Книга Город Солнца. Голос крови - Евгений Рудашевский
Шрифт:
Интервал:
Закладка:
Не далее как на прошлой неделе, рискуя угодить в руки Скоробогатова, я побывал в России. Навестил свою семью в Ярославле. Простился с ними издалека. Просто наблюдал, как из школы возвращается мой сын. И мне захотелось выйти к нему и проститься прямо, по-человечески, но я решил, что этим только всё осложню, ведь у него, как и у моей Кати, началась новая жизнь. Она близка со столяром, с которым я сам её познакомил в своё время. И я рад её выбору. Надеюсь, Катя обретёт то, к чему всегда стремилась, пусть и не всегда могла признаться в этом самой себе, по большей части из-за любви ко мне и уважения к моим поискам. У неё появился шанс жить в ладу с богом и людьми. Она станет добропорядочной Ингеборг Хольм, а мой сын станет её Гансом Гансеном.
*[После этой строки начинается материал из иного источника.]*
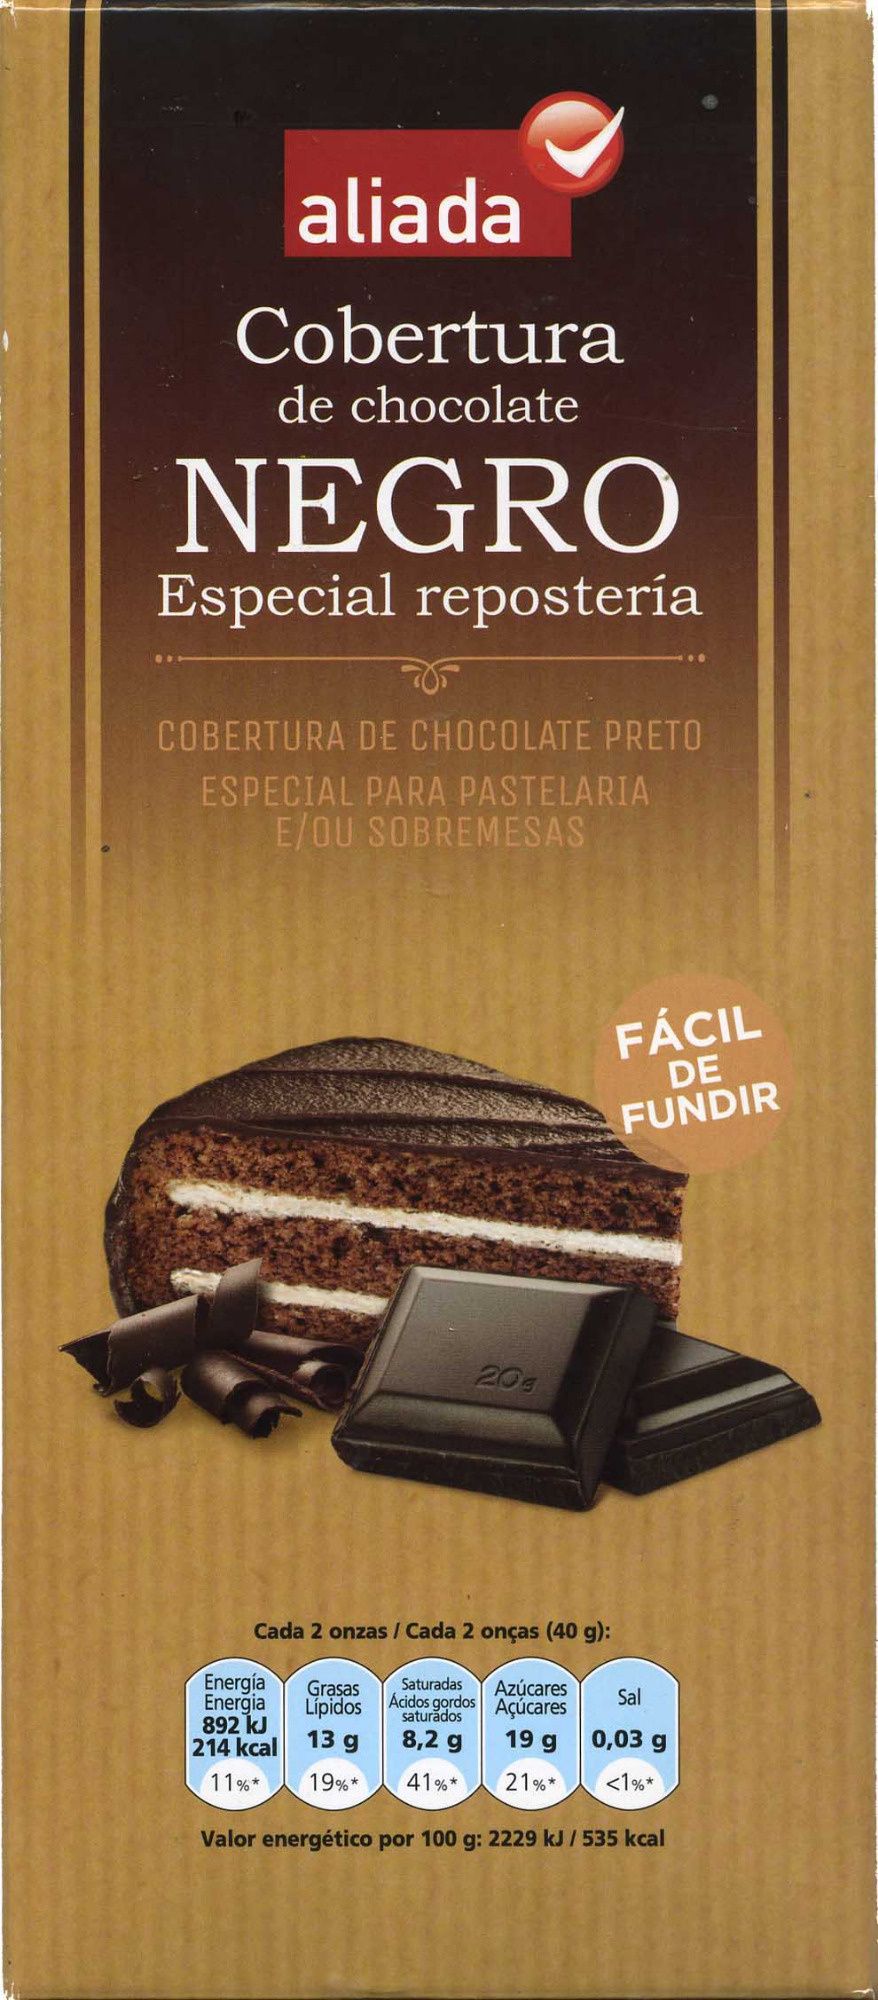 Cobertura de chocolate negro especial repostería - Product - es

И будут они жить «свободными от проклятья познания и творческих мук, любить и радоваться блаженной заурядности». И я со всеми своими терзаниями уже не помешаю их покою. Так что простился я с ними с тяжестью, но вслед почувствовал облечение. Потому что, прощаясь с женой, простился с соблазнами умершего во мне заблудшего бюргера, а прощаясь с сыном, простился с самим собой и сейчас могу лишь гадать, будет ли мой Максим хоть отчасти похож на меня – заговорит ли в нём когда-нибудь голос моей крови.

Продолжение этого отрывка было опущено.